Using the API
The Swissdox@LiRI API allows you to submit a query, to check the status of submitted queries and to download the retrieved data.
| Endpoint | Description |
|---|---|
/query | Endpoint for submitting a query. Required parameters are name and query. Parameter test can be used to check if the query is correct. Endpoint will return id of a submitted query. |
/status | Returns list of all submitted queries. |
/status/<query_id> | Returns status of query with specific id query_id. |
/download/<filename> | Download of the retrieved dataset. |
For using the API, you first need to create an API key in the Swissdox@LiRI web application (page Projects) for each project separately. To pass the API key to the server you need to specifiy the X-API-Key and X-API-Secret headers.
Submitting a query
The query is defined using a YAML format. Optional arguments are query name, comment, expiration date and a flag to specifiy whether the query should be run or not (for syntax checking). Below you find a simple example in Python for submitting a query using the API.
import requests
headers = {
"X-API-Key": "<your-api-key>",
"X-API-Secret": "<your-api-secret>"
}
API_BASE_URL = "https://swissdox.linguistik.uzh.ch/api"

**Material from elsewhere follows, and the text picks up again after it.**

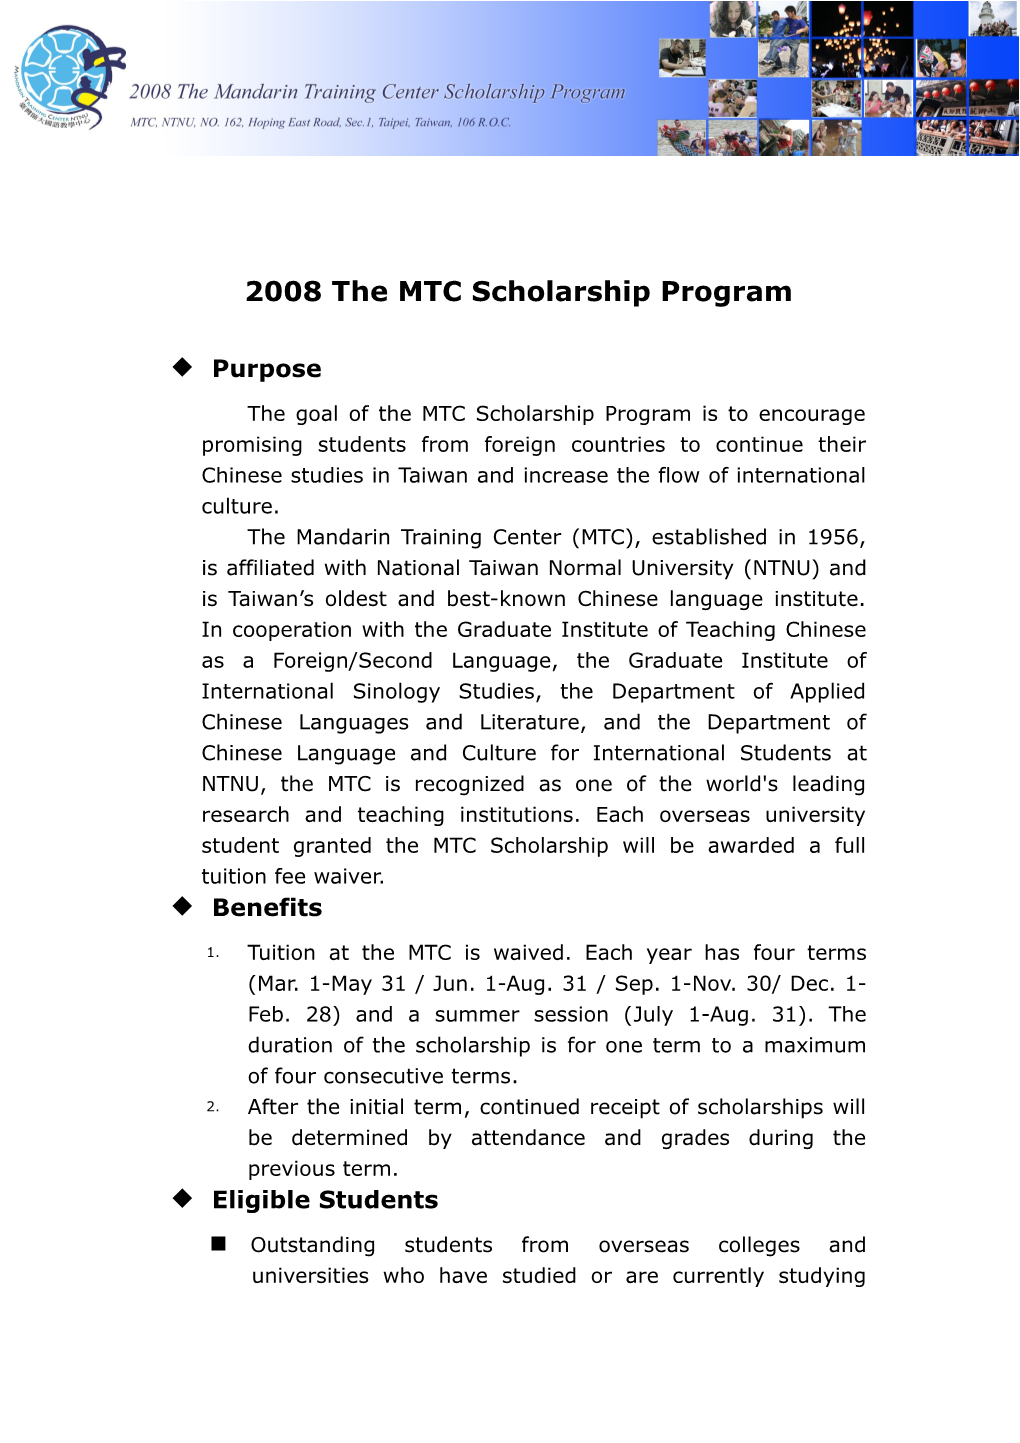 The MTC Scholarship Program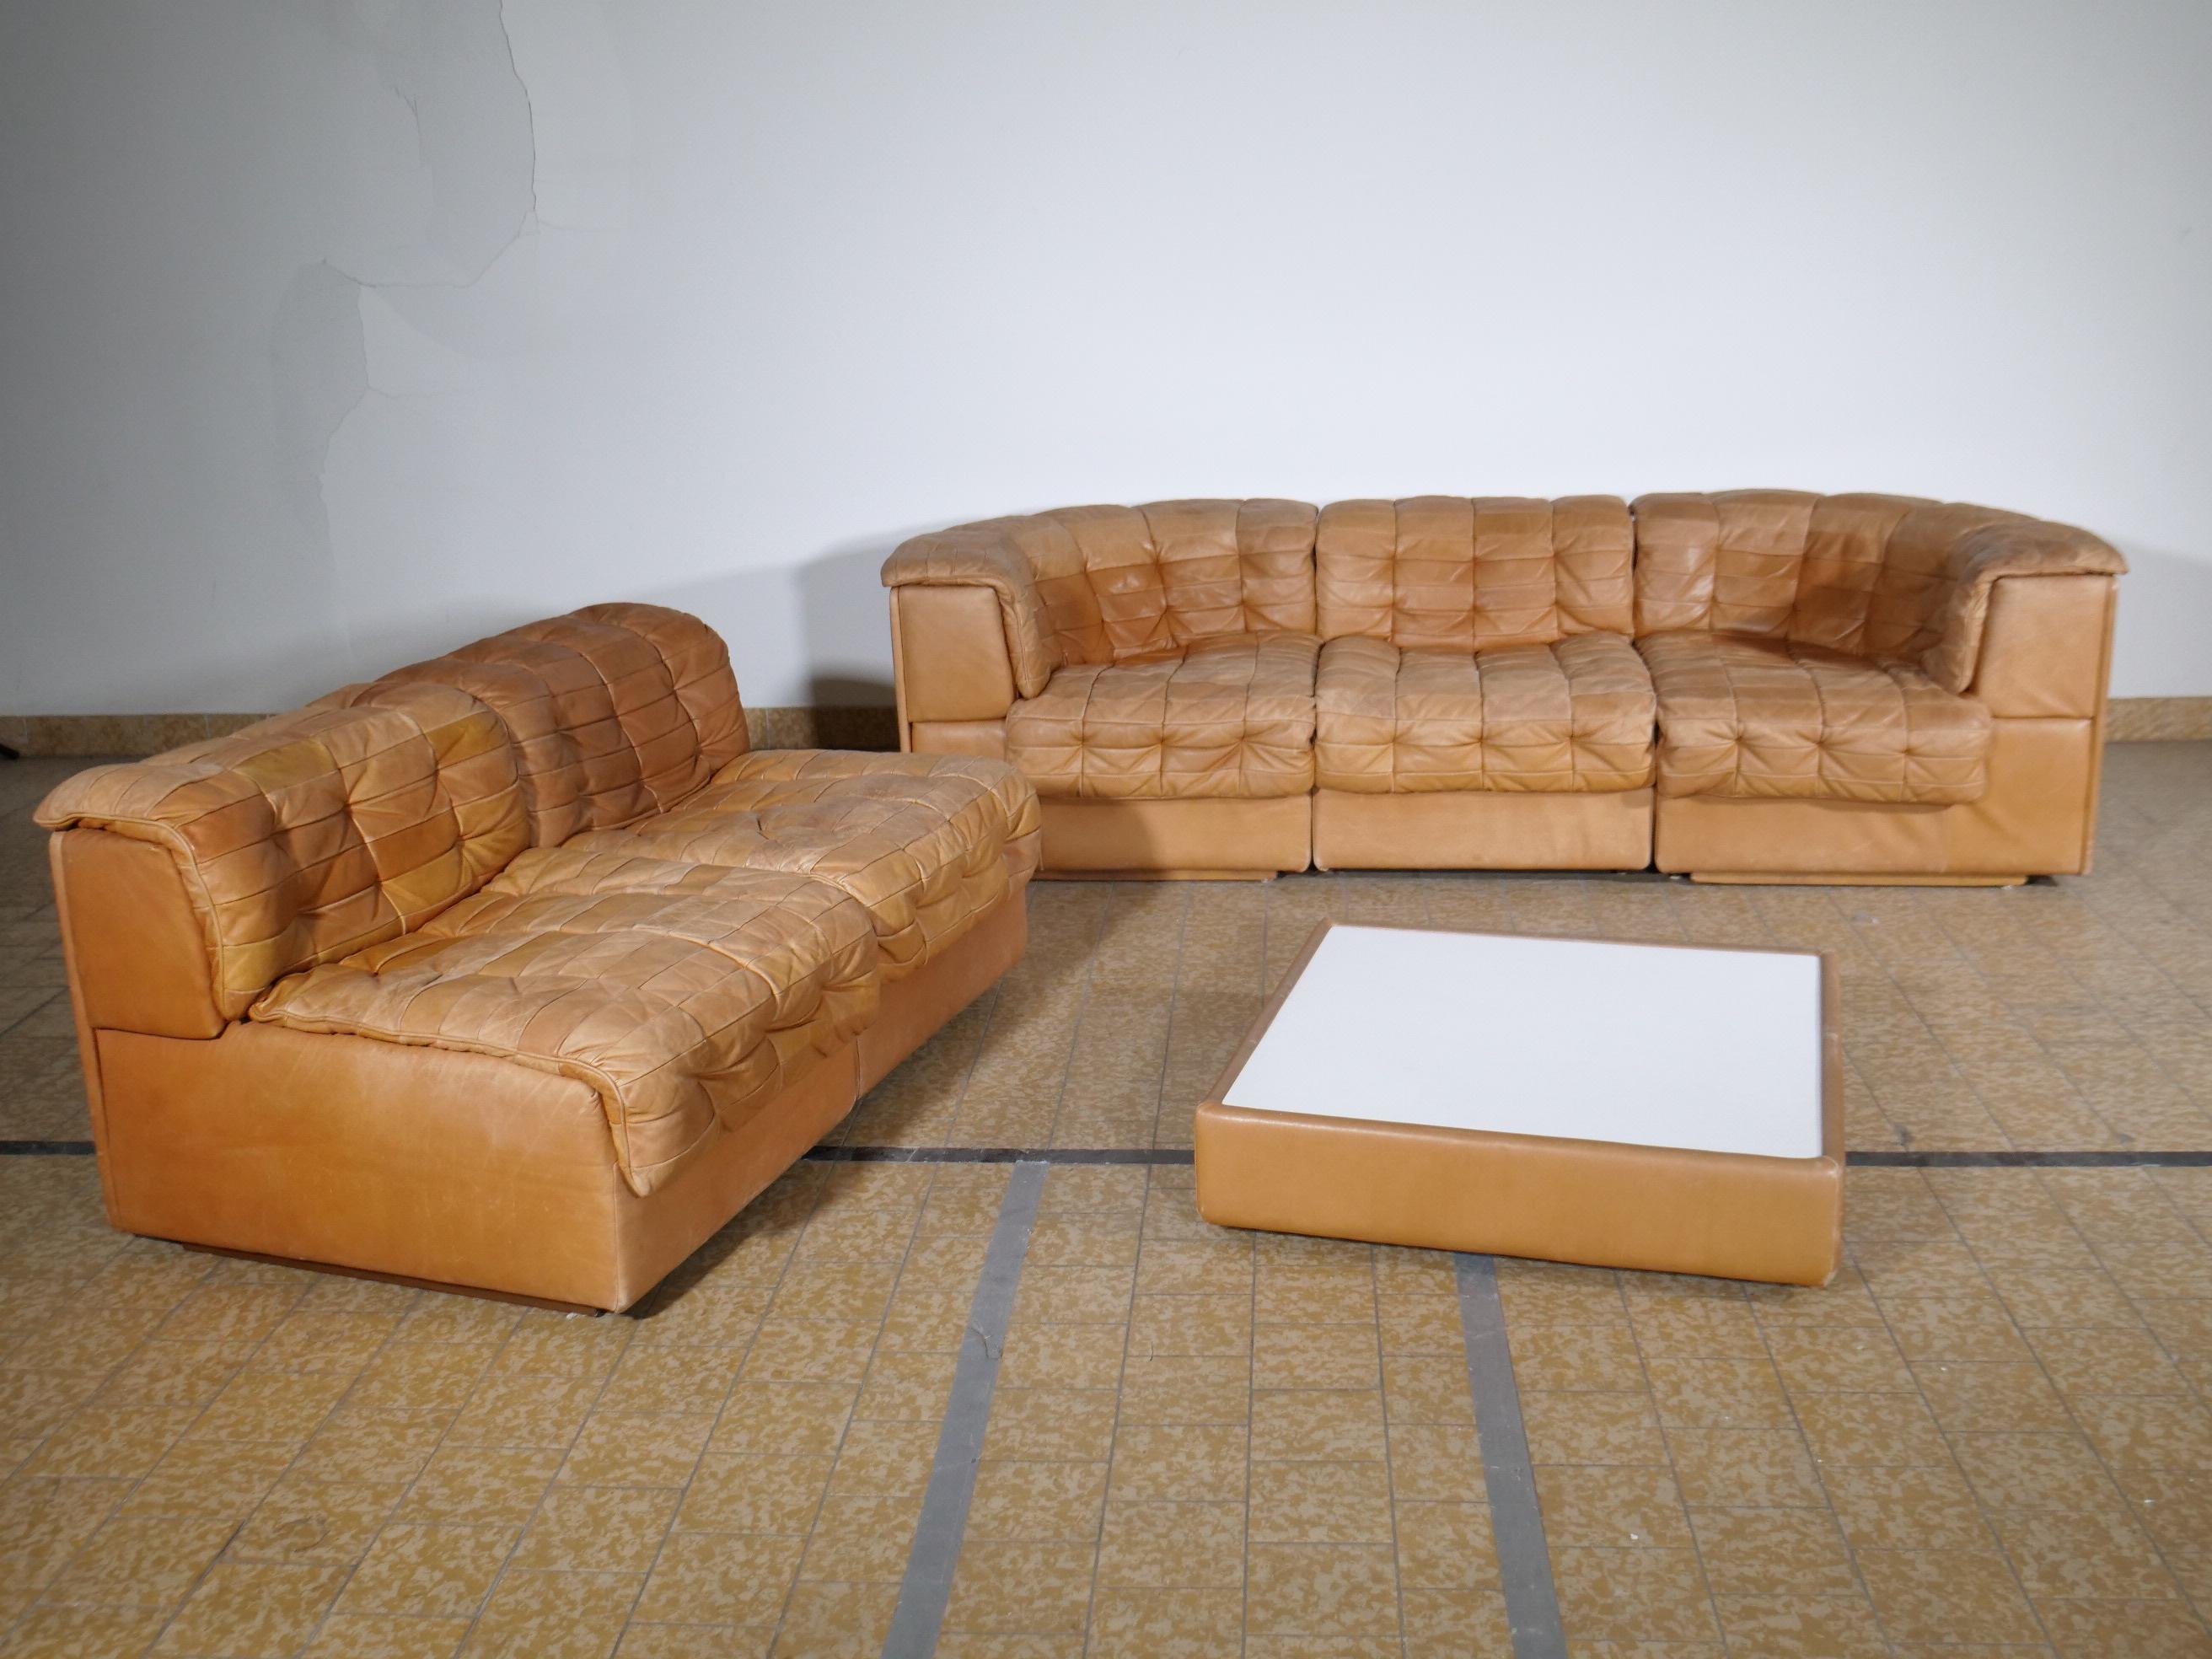 De Sede Ds 11 Patchwork-Sofa aus Leder mit Couchtisch, 1970er Jahre (Ende des 20. Jahrhunderts)

API_URL_QUERY = f"{API_BASE_URL}/query"
yaml_example = """
query:
sources:
- ZWA
- ZWAS
dates:
- from: 2022-12-01
to: 2022-12-31
languages:
- de
- fr
content:
AND:
- OR:
- COVID
- Corona
- NOT: China
- NOT: chin*
result:
format: TSV
maxResults: 100
columns:
- id
- pubtime
- medium_code
- medium_name
- rubric
- regional
- doctype
- doctype_description
- language
- char_count
- dateline
- head
- subhead
- content_id
- content
version: 1.2
"""
data = {
"query": yaml_example,
"test": "1",
"name": "Query name 1",
"comment": "Query comment",
"expirationDate": "2023-02-28"
}
r = requests.post(
API_URL_QUERY,
headers=headers,
data=data
)
print(r.json())
Checking the status of submitted queries
It is possible to check the status of all submitted queries, as well as status of a certain query with a specific id. The following example shows how to list all submitted queries with their respective statuses:
import requests
headers = {
"X-API-Key": "<your-api-key>",
"X-API-Secret": "<your-api-secret>"
}
API_BASE_URL = "https://swissdox.linguistik.uzh.ch/api"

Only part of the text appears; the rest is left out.